**Information provided:**
Content starts

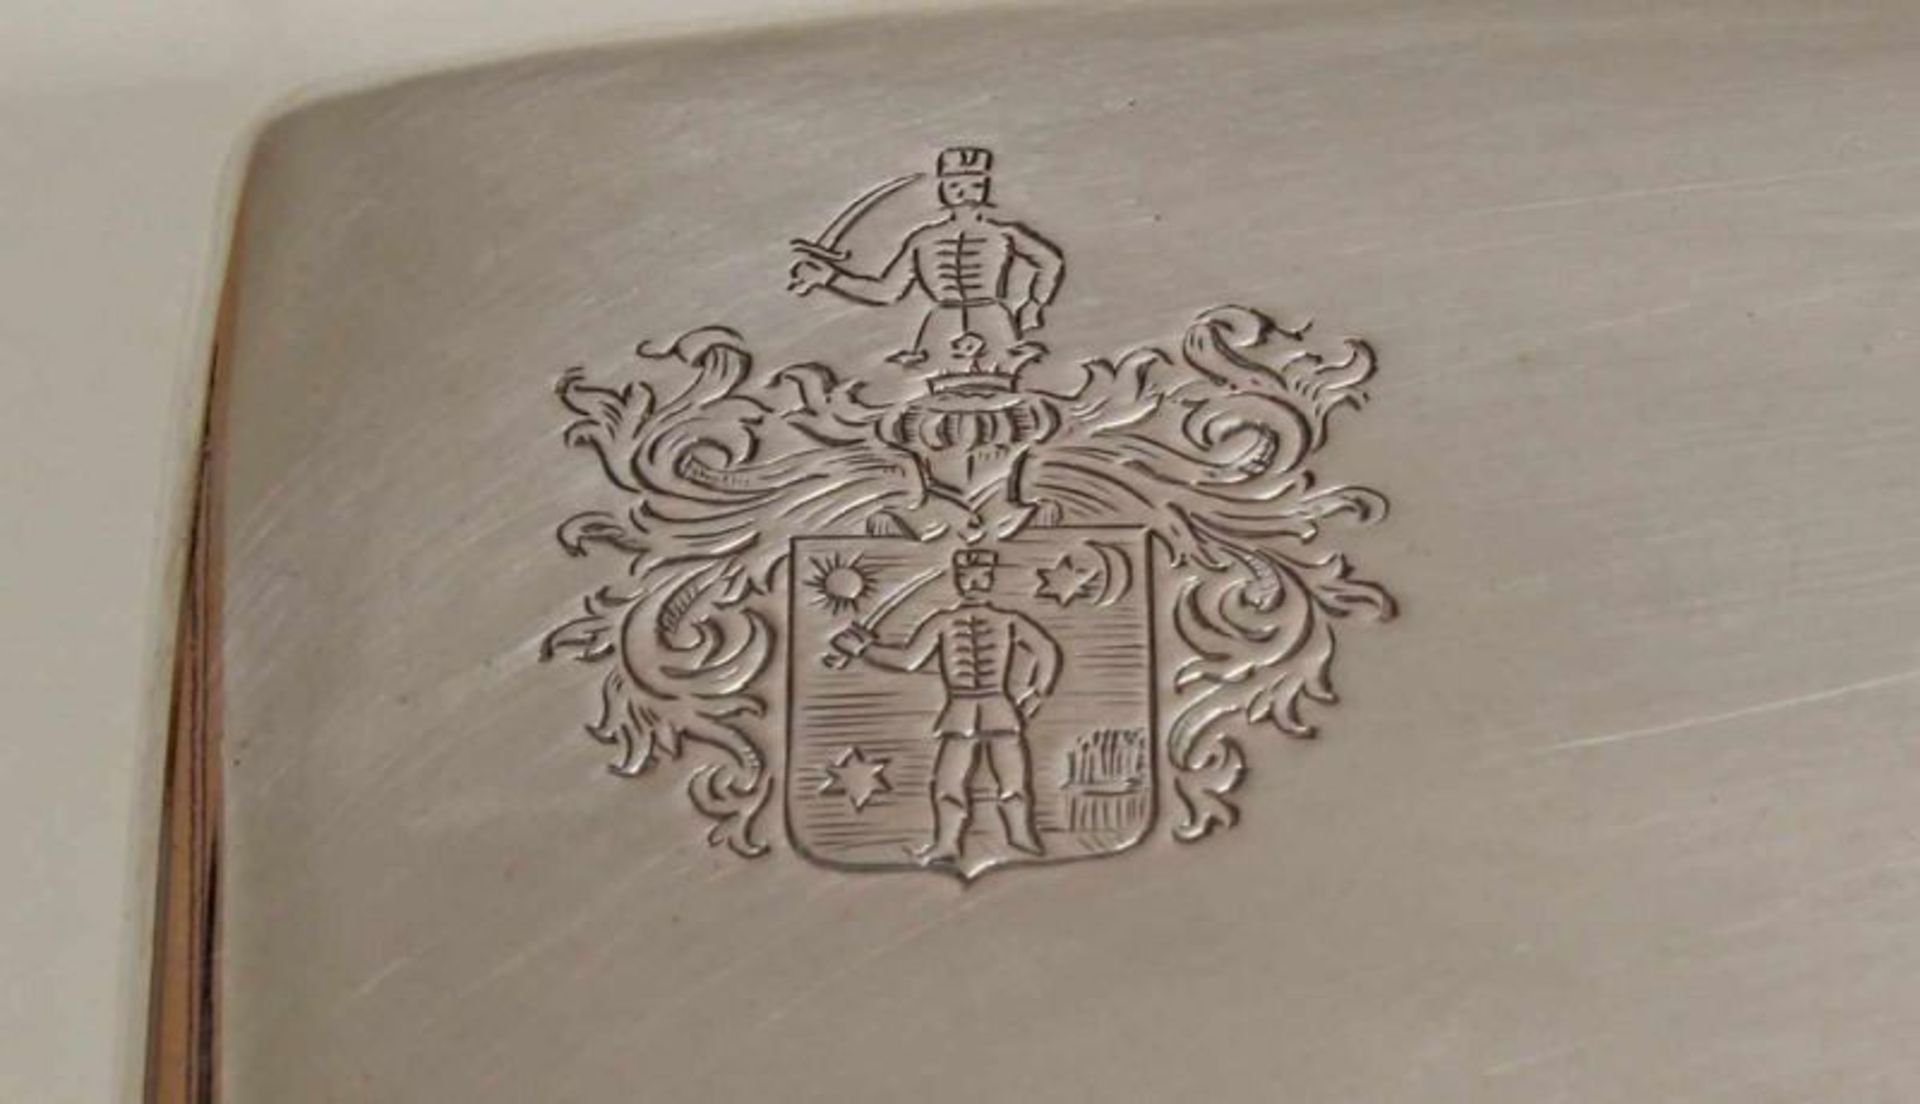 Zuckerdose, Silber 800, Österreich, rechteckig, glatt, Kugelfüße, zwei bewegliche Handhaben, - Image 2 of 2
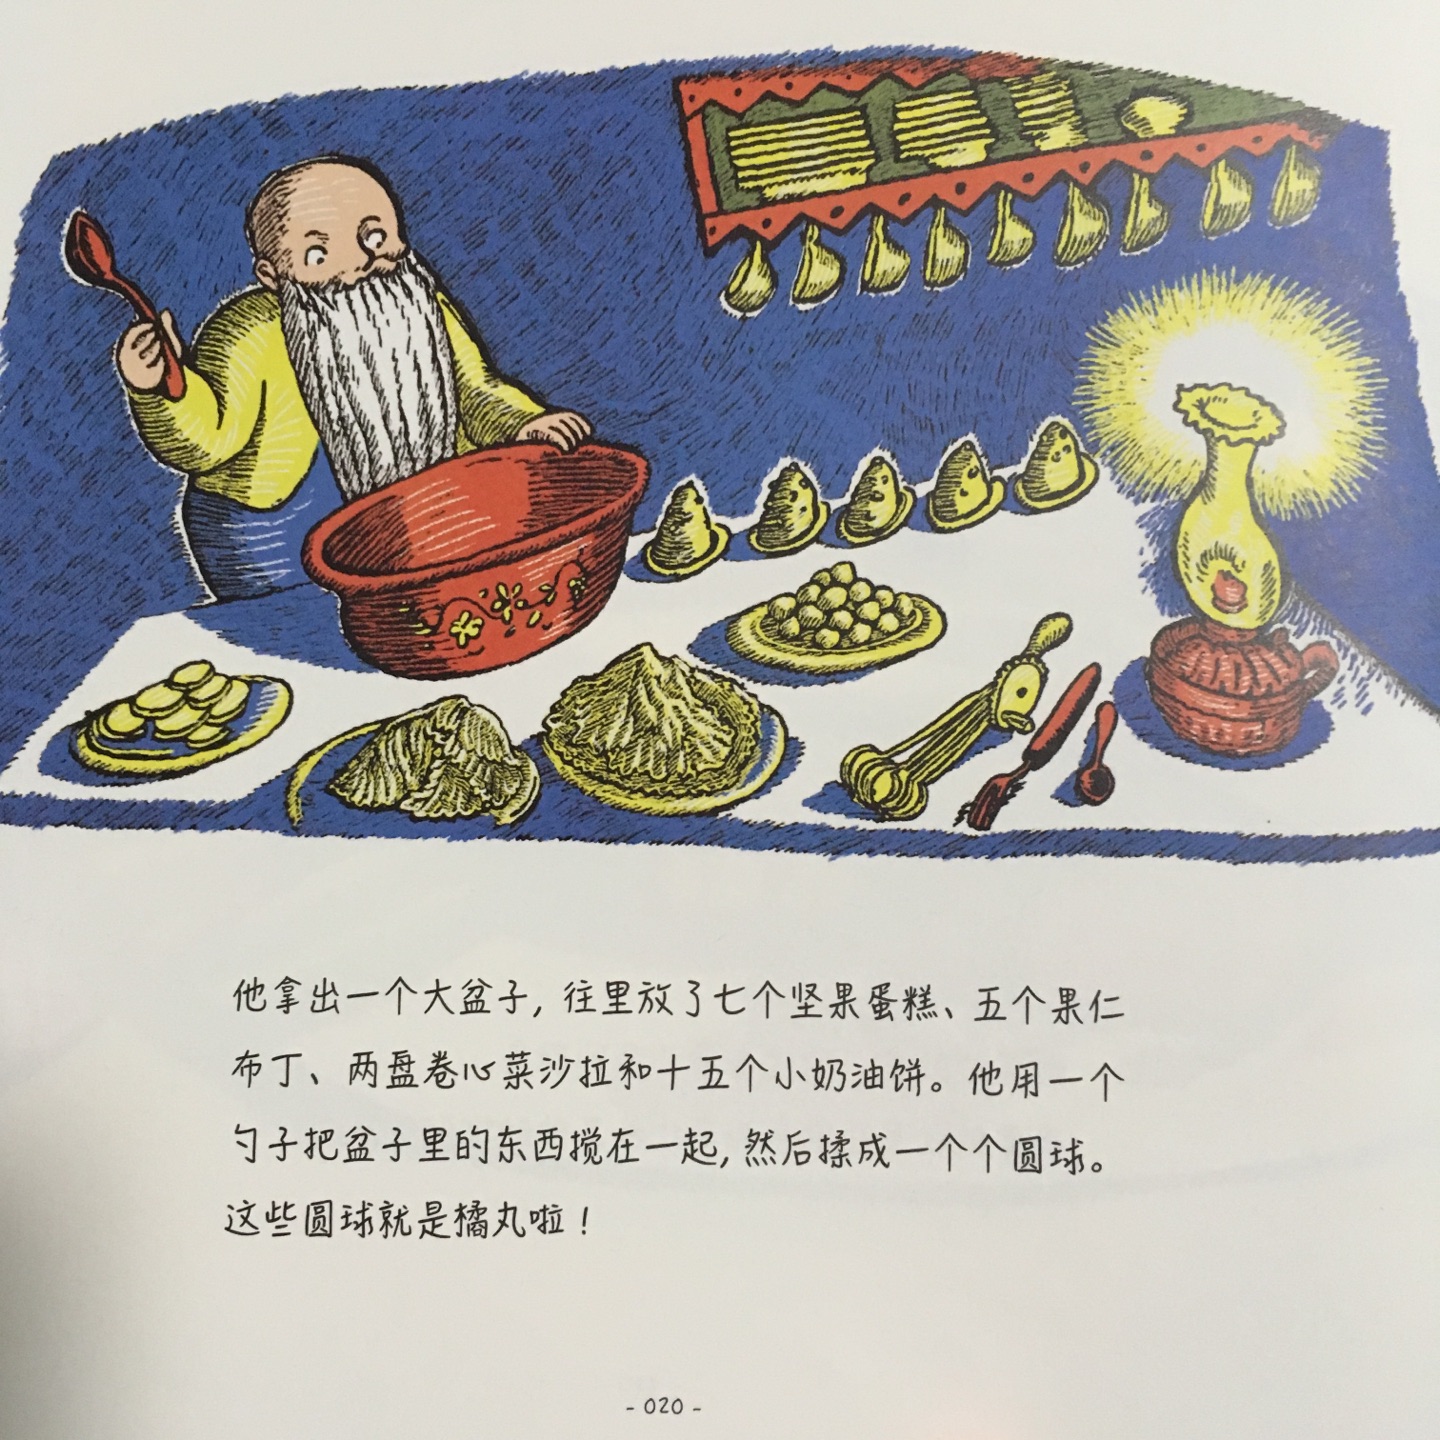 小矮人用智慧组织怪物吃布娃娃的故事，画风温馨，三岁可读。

Content ends
Content starts

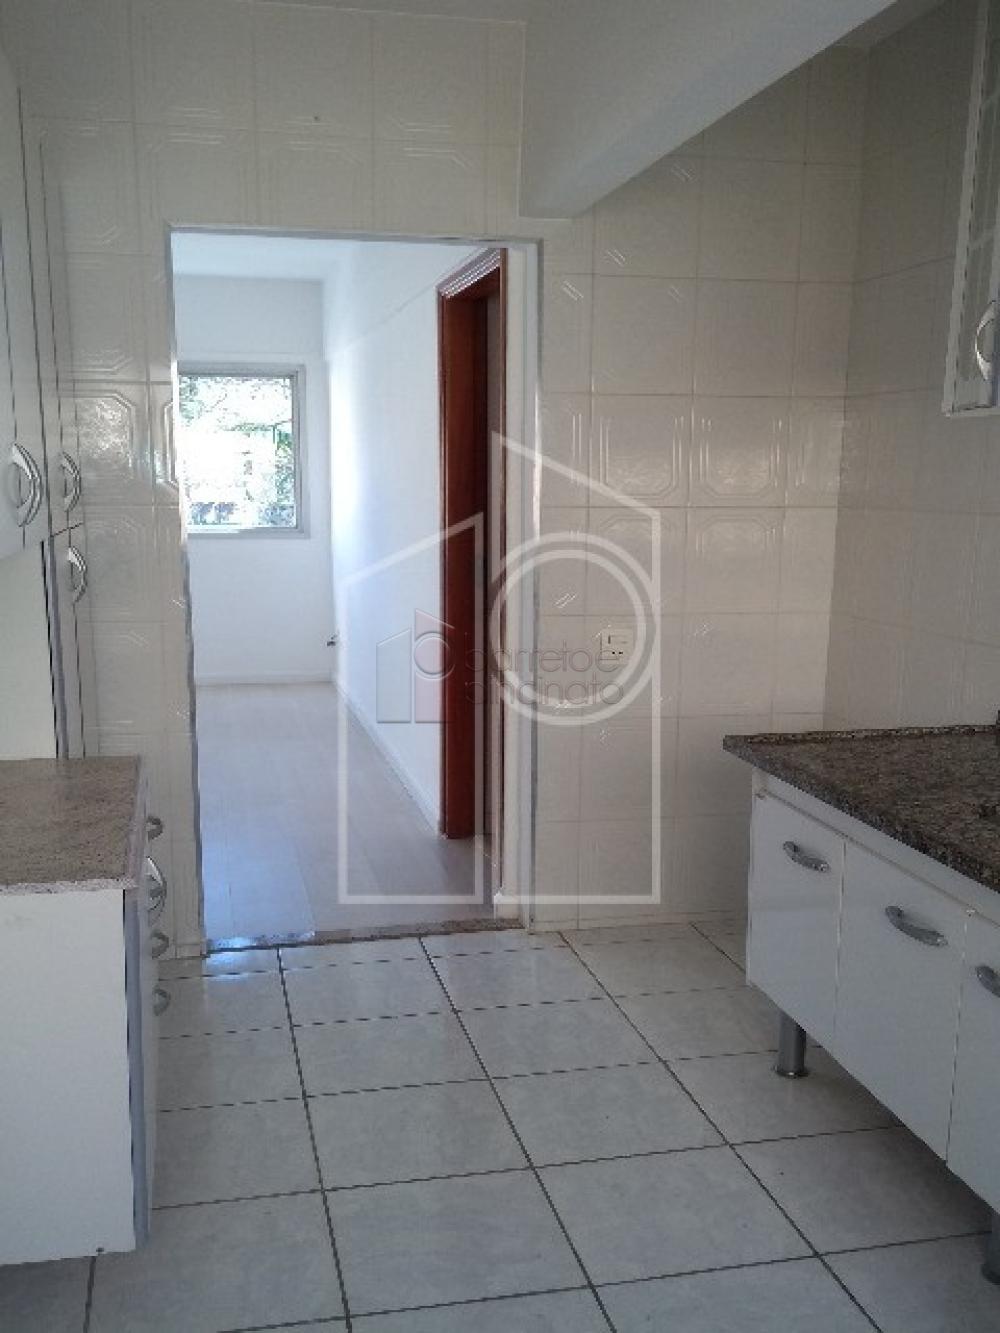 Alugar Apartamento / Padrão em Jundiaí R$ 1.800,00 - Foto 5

Content ends

**Directions:** In the records above, find the line with "Image 2 of 2" and the line with "小矮人用智慧组织怪物吃布娃娃的故事，画风温馨，三岁可读。". Write out exactly those lines and every one between, with no pictures and no other lines.

**Result of the exercise:**
 Zuckerdose, Silber 800, Österreich, rechteckig, glatt, Kugelfüße, zwei bewegliche Handhaben, - Image 2 of 2
 小矮人用智慧组织怪物吃布娃娃的故事，画风温馨，三岁可读。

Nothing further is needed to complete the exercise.